5 Key Strategies to Trading Success

Traders could be missing out on market recovery due to lack of strategy. Here's 5 key strategies to help your trading success.
 
Oct. 31, 2012 - PRLog -- The Australian sharemarket is now showing some signs of strength. The overall index is trading above its uptrend line and holding on to its support.

However, despite the trading and investing opportunities being presented by the markets, some people could be missing out on profits due to lack of strategy.

Justine Pollard, a professional trader and trading mentor, said, “The biggest key to success as a stock market trader is to know when to exit and to understand that you have no control over the market.”

Mrs Pollard, who is also the author of Smart Trading Plans, said that stock market trading is one of the most unpredictable yet attractive ways of making money.

“When starting out in the stock market many traders think that buying the right share is what will make them profitable,” said Mrs Pollard.

“But it is how you exit the share that is one of the keys to profits.”

As an example, she cited the case of ABC Learning Centres, which used to own and operate a network of childcare centres across Australia.

“If you bought ABC Learning Centres back in 2004 at $4, you would have been in a nice profitable position two years later when the share doubled in price to over $8,” Mrs Pollard said.

“A year later it was worth half its price again and a year after that it was worthless and disappeared off the stock market.”

In her mentoring courses and for her own personal trading, Mrs Pollard emphasizes the need for a clear exit strategy – whether you are making profit or taking a loss – she said traders must have a well-defined exit level.

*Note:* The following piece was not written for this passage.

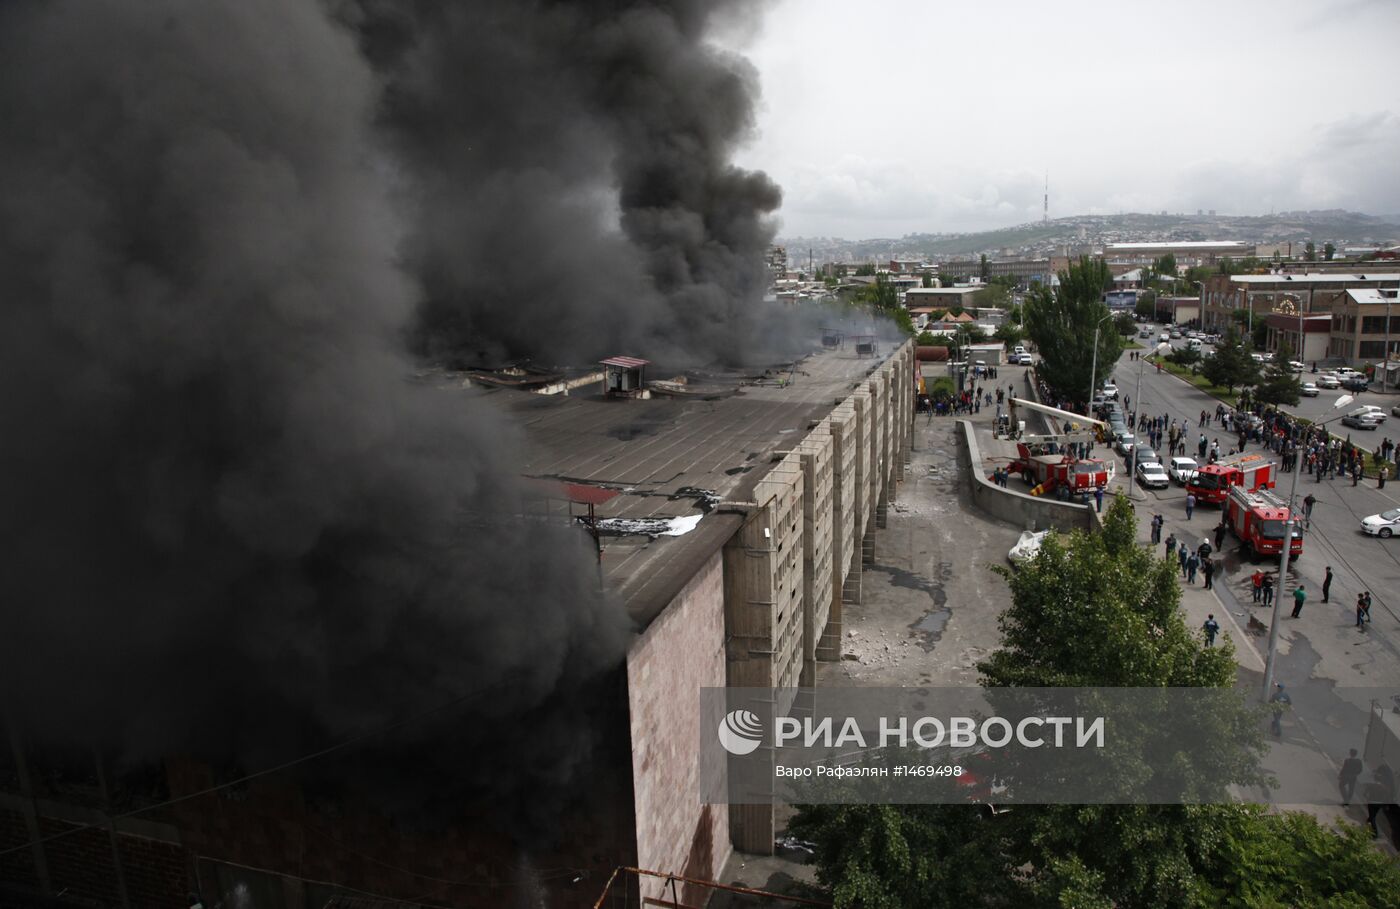 Пожар на складе компании "Спайка" в Ереване

Mrs Pollard’s Five Key Strategies for Successful Trading:

1.       Having stop-loss strategy in place, so you know when to exit a share

2.       Using a method to position size your trades, which determines the number of shares you can buy based on the amount you are prepared to lose on a trade

3.       Managing your total open market risk in the market at all times to ensure you are not over exposed when you first start investing

4.       Be organised and regularly track and manage your trades through a spreadsheet or software program

5.       Knowing when it’s the right time to add more money to a trade and buy more shares

“Your long term success as a trader depends on how you manage risk in the market,” Mrs Pollard said.

“You can’t be profitable in the market if your losses are larger than your profits.”